◆ Material to process:
◇ ◇ ◇ ◇
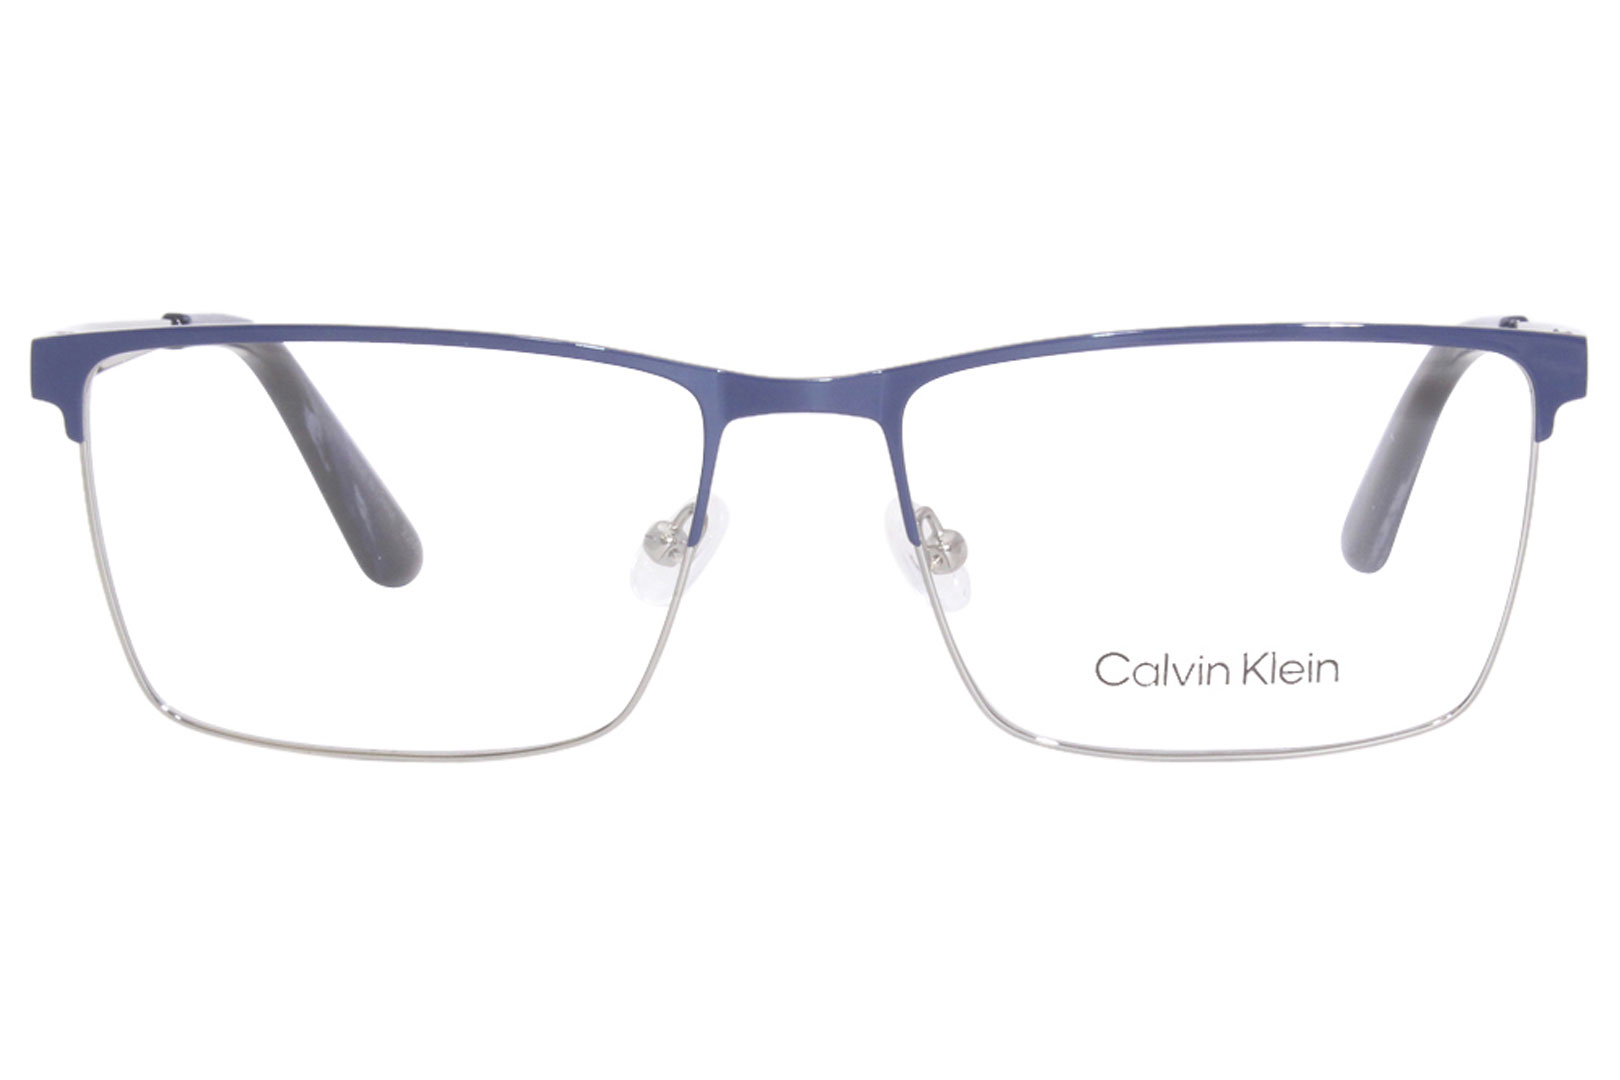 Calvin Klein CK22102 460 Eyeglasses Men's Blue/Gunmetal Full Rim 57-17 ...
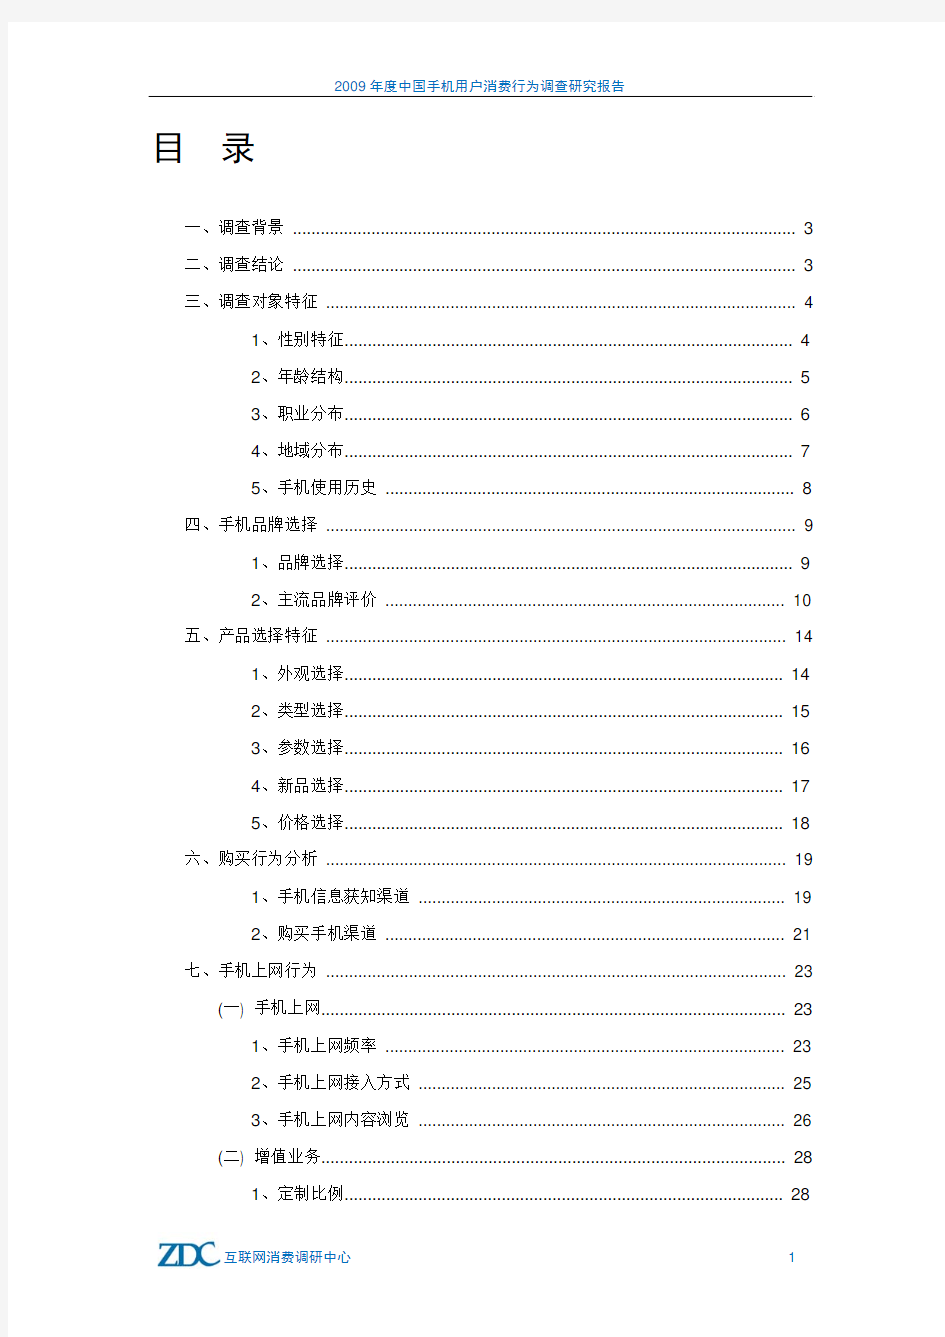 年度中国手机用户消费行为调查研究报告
◇ ◇ ◇ ◇
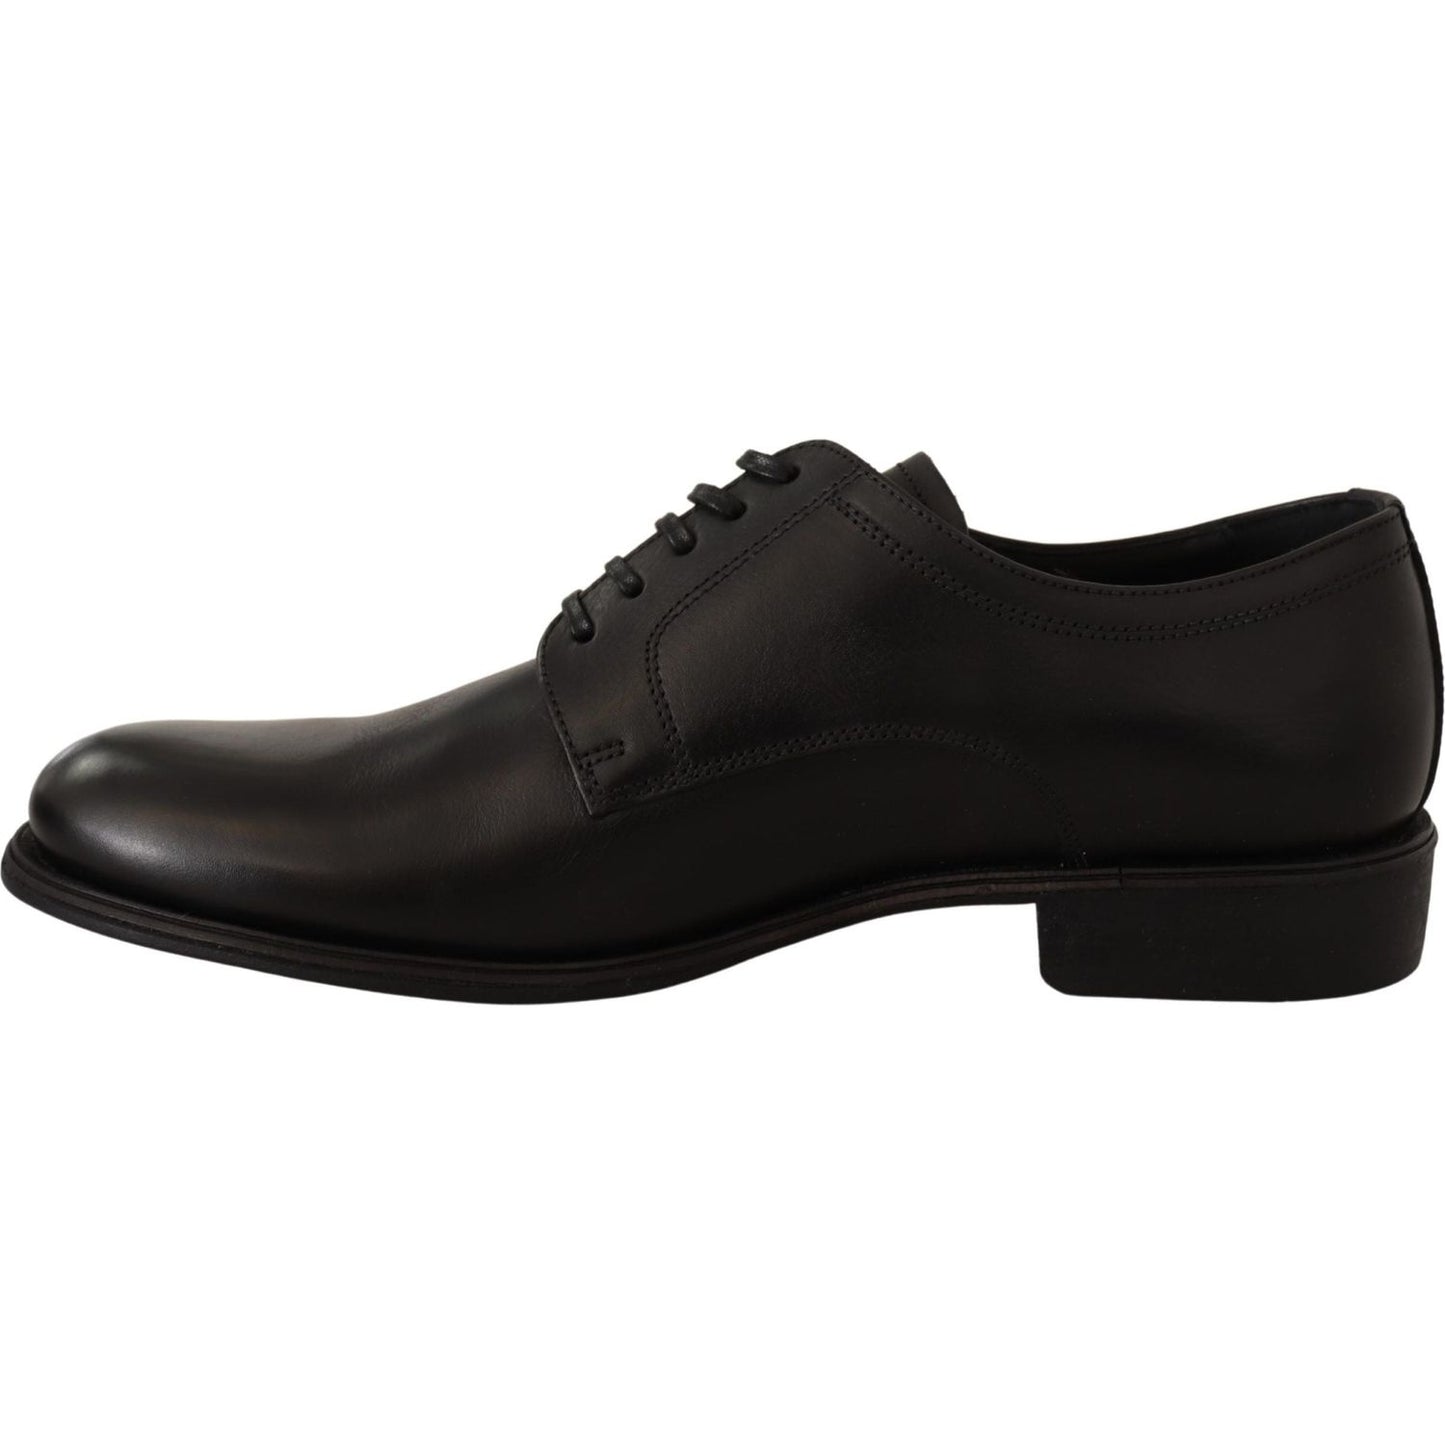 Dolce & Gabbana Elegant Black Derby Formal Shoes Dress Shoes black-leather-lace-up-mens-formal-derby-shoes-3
◇ ◇ ◇ ◇
◆ Problem requirements:
Although the records hold pictures, the copy must not; give again exactly the lines from the one with "Calvin Klein CK22102" through the one with "年度中国手机用户消费行为调查研究报告".

◆ Solution for this exercise:
 Calvin Klein CK22102 460 Eyeglasses Men's Blue/Gunmetal Full Rim 57-17 ...
 年度中国手机用户消费行为调查研究报告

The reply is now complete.